County Commissioner Leslie Osche said that the county hotel tax is fairly well tied up according to statutes, so she doesn’t know if that’s an option to help Caesar’s cause.
“The hotel tax proceeds are deployed based on the size and class of your county,” Osche said. “We are a fourth-class county. Some of the higher classes have an ability to use some of those funds for economic development and other things.”
Undaunted, Caesar has began looking in other directions to help find money for his project and others like it.
“We may find out that there is another formula that we can put together,” Caesar said. “One of the goals in proposing the way I did is I do not want to see any money taken away from any social service programs to go for history. We need every dime we can to go towards social service needs in the county. That's why I turned to the hotel tax.”
Jack Cohen, president of the Butler County Tourism & Convention Bureau said the bureau offers grants to its members which can be used for whatever they see fit for their tourism business or organization.
“We do grants every year for $5,000 for improvements like that but (Caesar) never asked,” Cohen said. “All you have to do is fill out the papers and send them in.”
Caesar said improvements to the foundation of the Roebling workshop would exceed upward of $250,000, well above the grants given out by the tourism bureau.
“We’re beyond the $5,000 grants,” Caesar said. “That’s great to get in small ways, but we are talking of expenses that are way beyond those types of grants. We are talking significant dollars.”
Cohen said he wishes he could help allocate money from the bureau to assist with historical infrastructure because he also sees it as a growing problem, but if he helps one of the bureau’s roughly 400 members, he would have to then help all them.
“There’s no question if it’s historical, it can’t go away,” Cohen said. “It’s very important for the history to tell the story. When we send people to a museum like (Roebling), it’s a beautiful museum and what (Caesar) is talking about is very important.”
Osche said there are grants available that could help Caesar and those in similar situations, but there would need to be some money raised upfront, which would be matched.
“The other part of those grants is a match requirement and, in addition, you have to cash-flow it,” Osche said. “If they don’t have the cash on the front end that’s where we can be helpful. That’s what our parks do is cash-flow it on the front end, then get reimbursed on the back end.”
Caesar was invited to testify at an America 250PA‘s Infrastructure Improvements and Projects Committee hearing on June 16.
“I wanted to make sure the committee was aware of our project needs,” Caesar said. “In reading their mission plan, they’re running for 2026 to promote and have people be aware of the educational side of the commonwealth’s history.
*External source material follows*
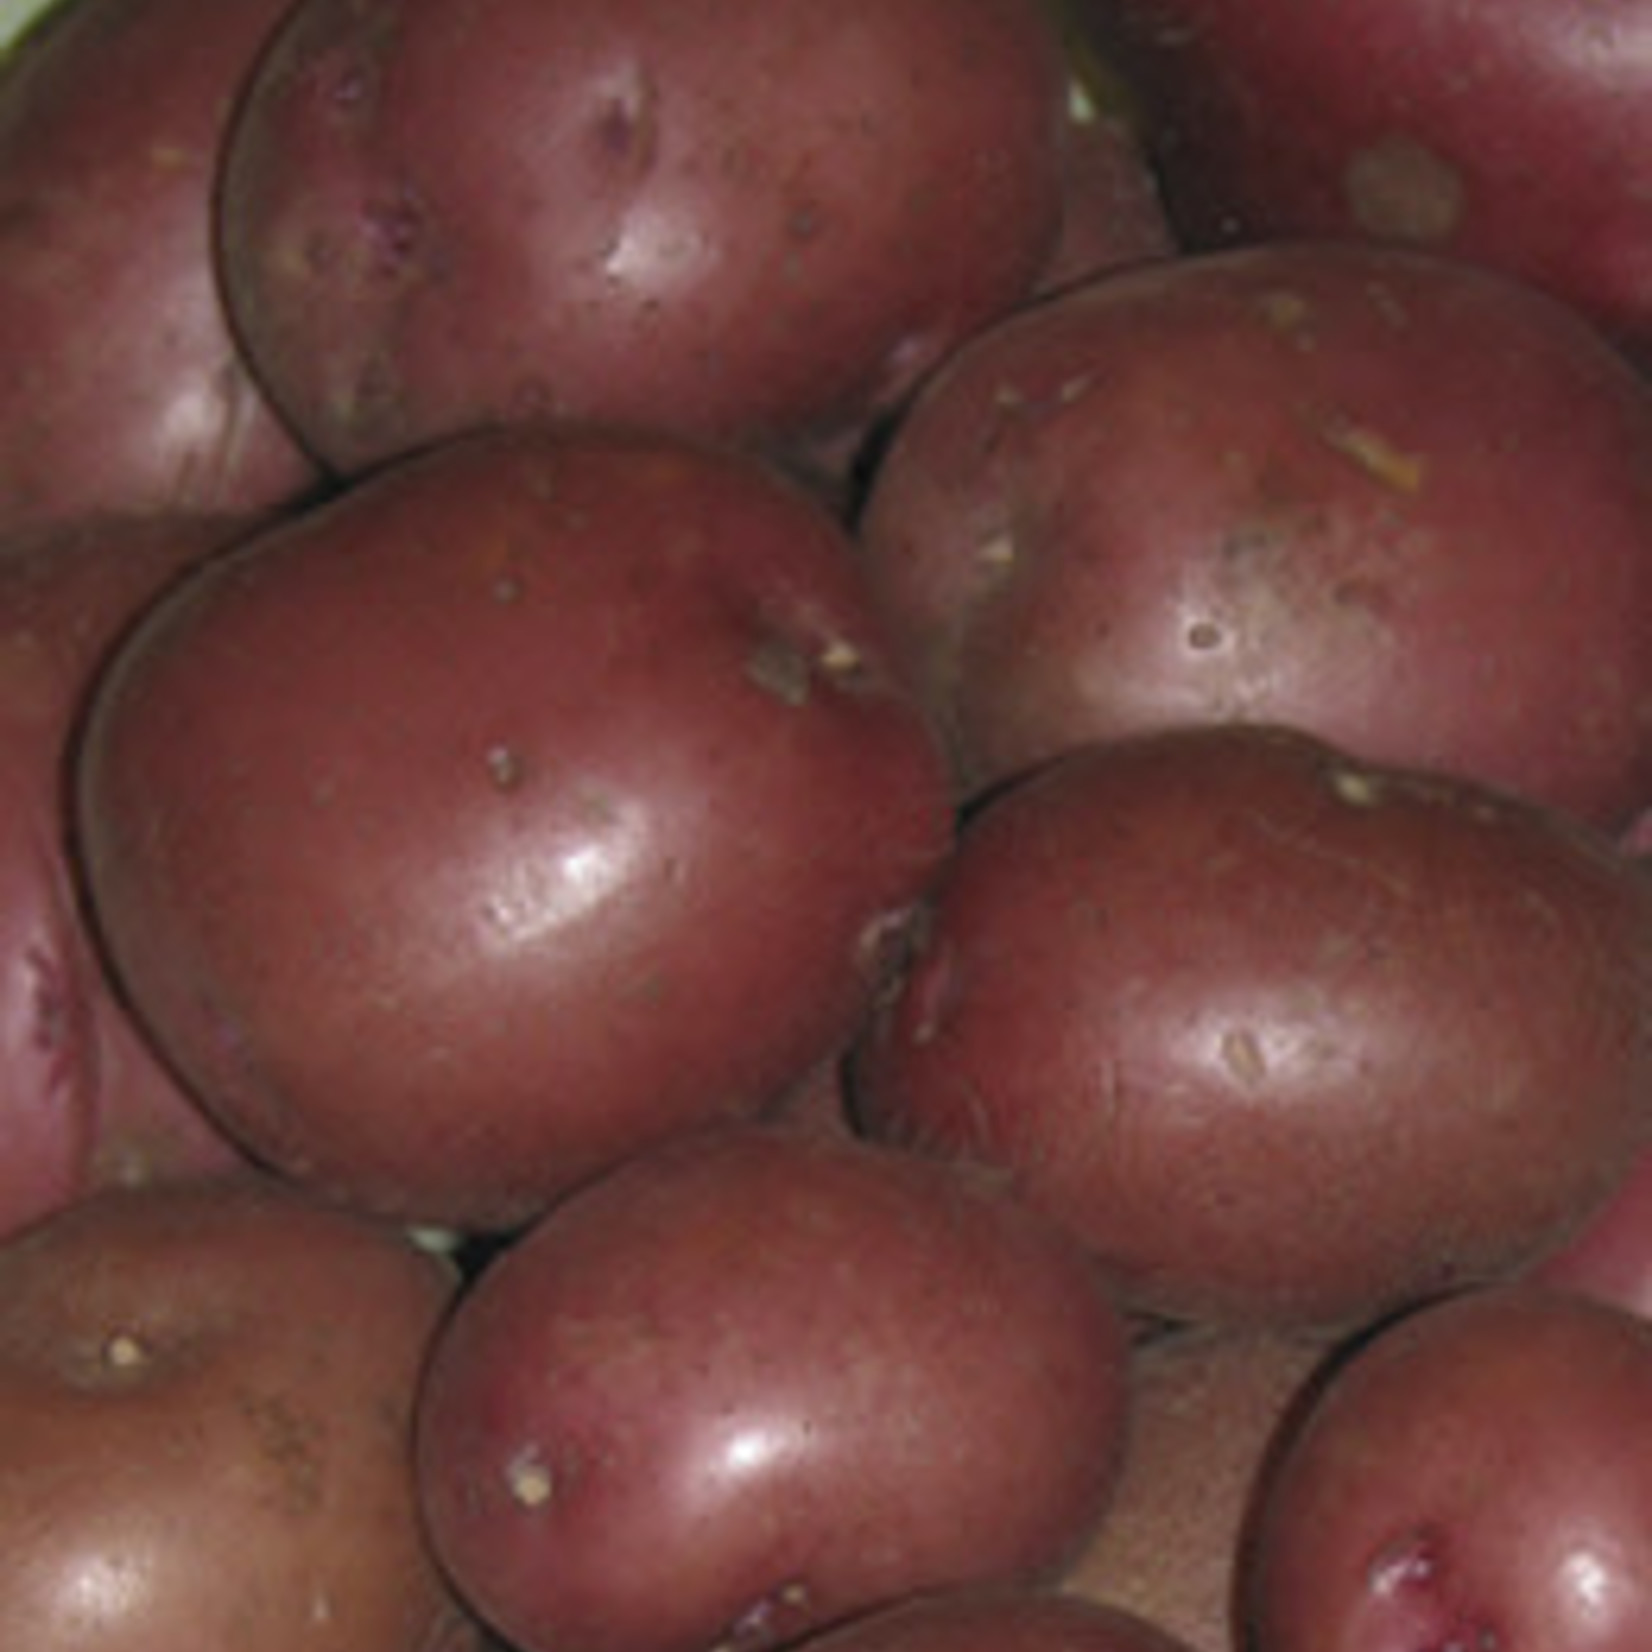 Van Noort Red Viking Potato- Seed  2Kg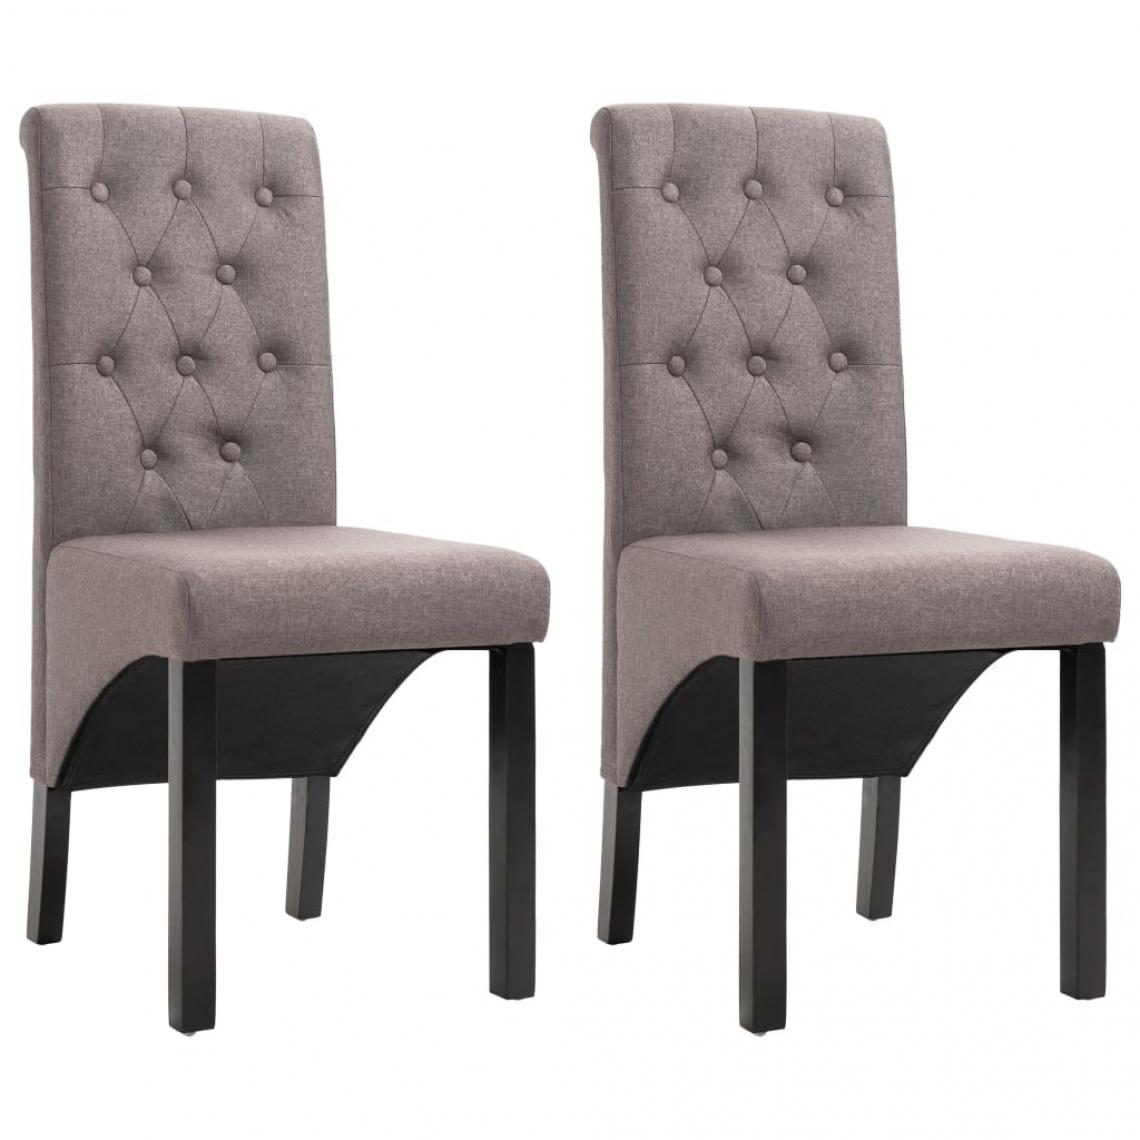 Decoshop26 - Lot de 2 chaises de salle à manger cuisine design classique tissu taupe CDS021045 - Chaises

“They were very receptive towards the history part of this and see the need. However, I am probably one of 100 that they would have to pick through.”
Caesar’s overall goal he said is to bring attention to this issue before it becomes too hard to fix.
He realizes that this is going to take some time, but he simply just wants to get the conversation moving at this point.
“There is going to have to be discussions and compromises,” Caesar said. “I don’t want us to lose sight of what our goal, which is to save what is the historical significance of Butler County for future generations so they know about our history.”